DESCRIPTION OF EMBODIMENTS

[0043] Hereinafter, an example of an embodiment of the disclosed technology will be described with reference to the drawings. Note that, in the drawings, the same or equivalent components and portions are denoted by the same reference signs. Furthermore, dimensional ratios in the drawings are exaggerated for convenience of description, and may be different from actual ratios.

First Embodiment

[0044] In the first embodiment, an example will be described in which in a case where one menu exists in one category as shown in Table 1, a unit of prediction is set to one day, and the sales volume of each menu on the day is predicted. However, even in a case where a plurality of menus exist in one category, the same method can be applied. Furthermore, even in a case where the unit of prediction is changed to one hour unit, a category unit, or the like, or a prediction target is changed to several days ahead, the same method can be applied. Furthermore, it is also conceivable to change a model or data according to a prediction target day. Note that the menu is an example of a product of the present disclosure.

TABLE-US-00001 TABLE 1 Category 2022 Apr. 1 2022 Apr. 2 2022 Apr. 3 . . . Category A Menu A Menu B Menu A . . . Category B Menu C Menu D Menu E . . . . . . . . . . . . . . .

[0045] FIG. 1 is a block diagram illustrating a hardware configuration of a learning device 10. The learning device 10 according to the first embodiment is a device that trains a model for performing prediction in consideration of the kind or a combination of menus even in a case where a daily changing category exists in products to be provided.

[0046] As illustrated in FIG. 1, the learning device 10 includes a central processing unit (CPU) 11, a read only memory (ROM) 12, a random access memory (RAM) 13, a storage 14, an input unit 15, a display unit 16, and a communication interface (I/F) 17. The components are communicably connected to each other via a bus 19.

[0047] The CPU 11 is a central processing unit, which executes various programs and controls each unit. That is, the CPU 11 reads a program from the ROM 12 or the storage 14, and executes the program using the RAM 13 as a working area. The CPU 11 performs control of each of the components described above and various types of arithmetic processing in accordance with the program stored in the ROM 12 or the storage 14. In the present embodiment, the ROM 12 or the storage 14 stores a training program for training a model for performing prediction in consideration of the type or a combination of menus.

[0048] The ROM 12 stores various programs and various types of data. The RAM 13, as the working area, temporarily stores a program or data. The storage 14 includes a storage device such as a hard disk drive (HDD) or solid state drive (SSD) and stores various programs including an operating system and various types of data.

[0049] The input unit 15 includes a pointing device such as a mouse and a keyboard and is used to perform various inputs.
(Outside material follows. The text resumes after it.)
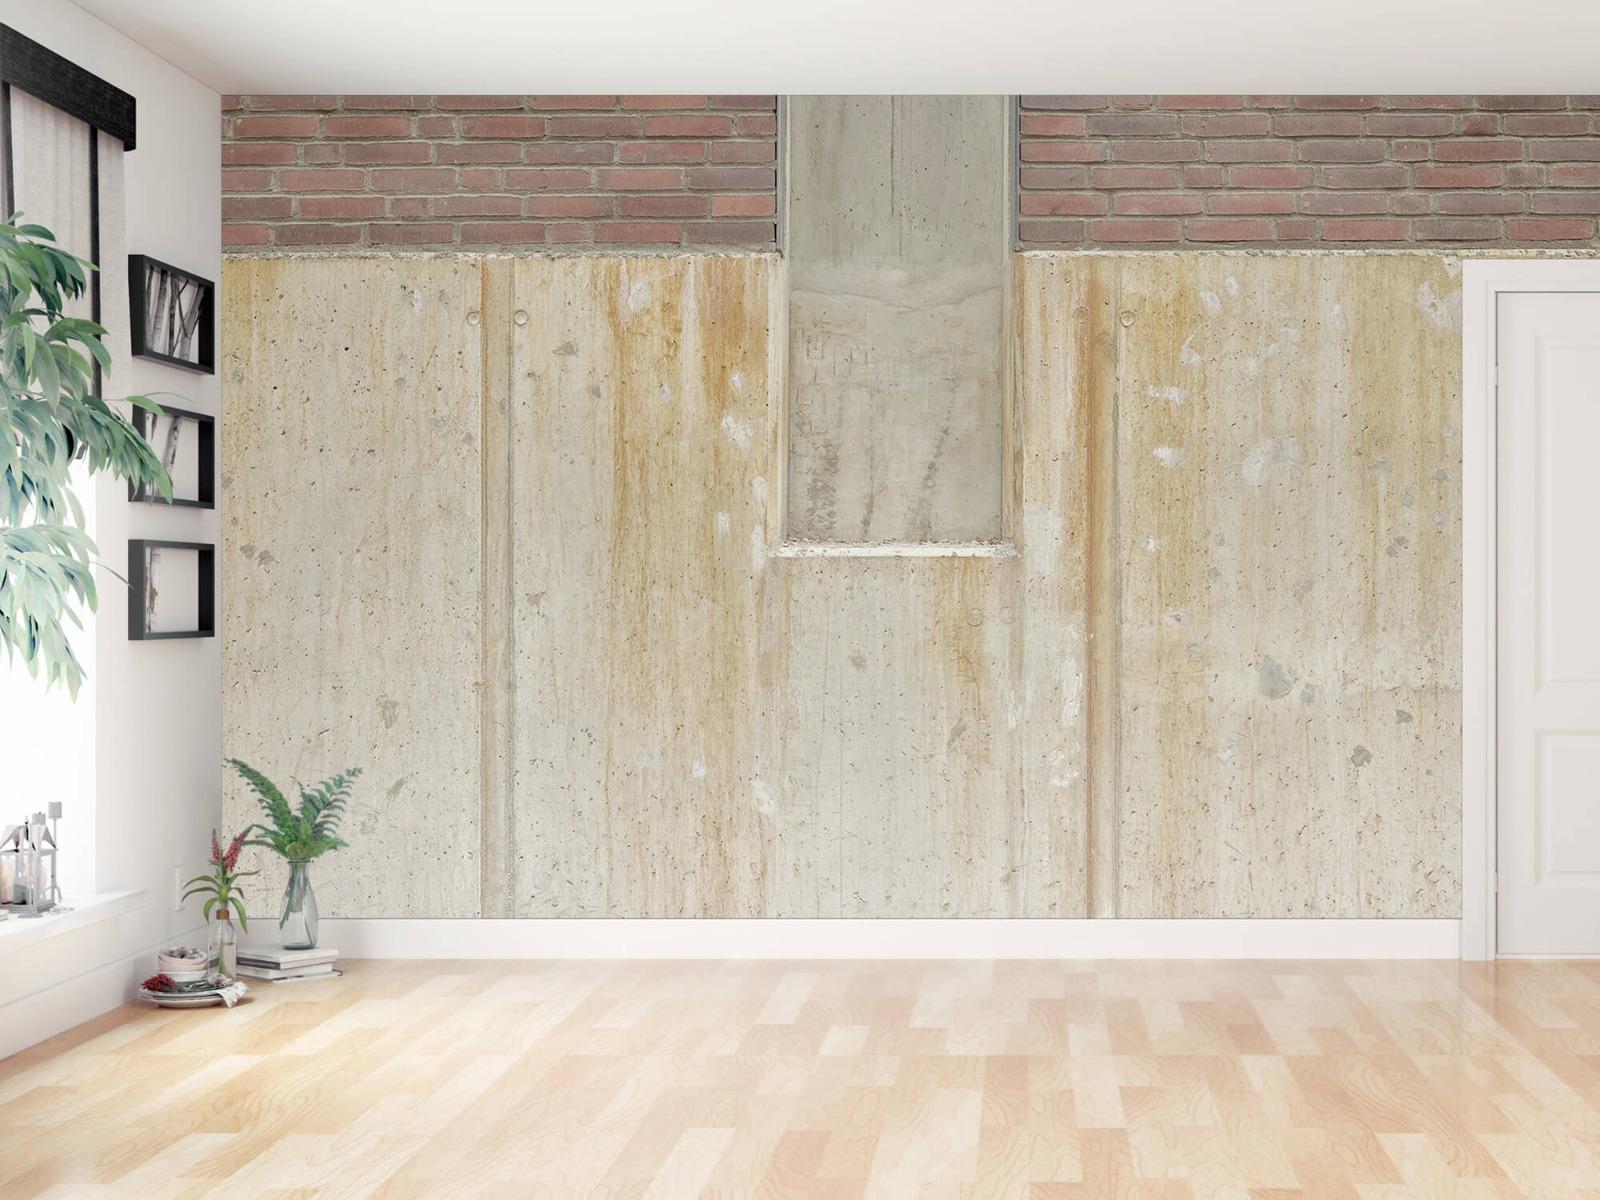 Betonlook behang - Beton en bakstenen - Wallexclusive - Woonkamer 3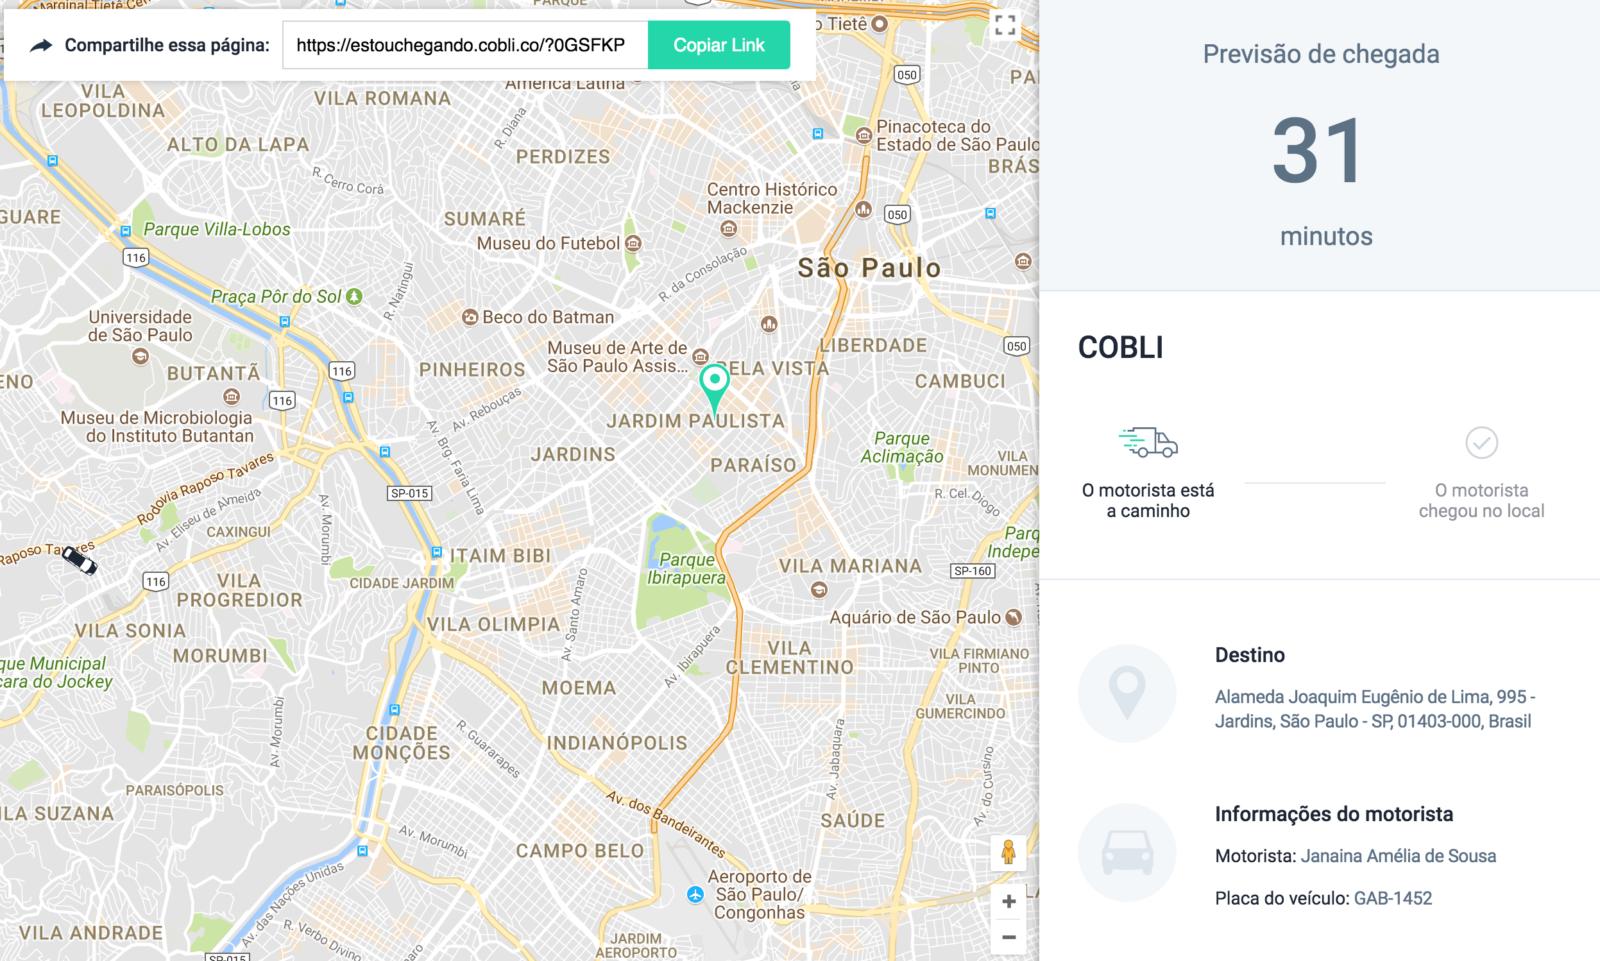 Nova Funcionalidade Cobli: Compartilhe a Previsão de Chegada de seus Veículos com seus Clientes!

[0050] The display unit 16 is, for example, a liquid crystal display and displays various types of information. The display unit 16 may also function as the input unit 15 by adopting a touch panel system.

[0051] The communication interface 17 is an interface for communicating with other devices. For the communication, for example, a wired communication standard such as Ethernet (registered trademark) or FDDI, or a wireless communication standard such as 4G, 5G, or Wi-Fi (registered trademark) is used.

[0052] Next, a functional configuration of the learning device 10 will be described.

[0053] FIG. 2 is a block diagram illustrating an example of a functional configuration of the learning device 10.

[0054] As illustrated in FIG. 2, the learning device 10 includes a prediction training unit 110 as a functional configuration. Each functional configuration is realized by the CPU 11 reading the training program stored in the ROM 12 or the storage 14, deploying the training program in the RAM 13, and executing the training program.

[0055] The prediction training unit 110 trains a model file 131 for predicting the number of visits to a store such as a restaurant and a model file 132 for predicting a sales rate of products sold in the store. Here, the product is a menu of dishes in the case of a restaurant. Furthermore, the sales rate is a value calculated by dividing the sales volume of each menu by the number of visits to a store. The prediction training unit 110 includes a store visit number prediction training unit 111 and a rate prediction training unit 112.

[0056] The store visit number prediction training unit 111 performs machine learning using data recorded in a past store visit number DB 121, an external environmental information DB 122, a past sales volume DB 123, and a menu feature DB 124, and builds a model file 131 for predicting the number of visits to a store. When training the model file 131, the store visit number prediction training unit 111 builds the model file 131 by using a model applicable to a regression problem such as multiple regression analysis.

[0057] The past store visit number DB 121 is a database that records a date and time, the number of visits to a store for each date and time. FIG. 3 is a diagram illustrating an example of data stored in the past store visit number DB 121. The past store visit number DB 121 includes a date and time column and a store visit number column. In the date and time column, a store visit date and time is recorded in units of predetermined time intervals. An arbitrary time such as 10 minutes or one hour may be configured as a time interval. The same applies to other databases for the time interval.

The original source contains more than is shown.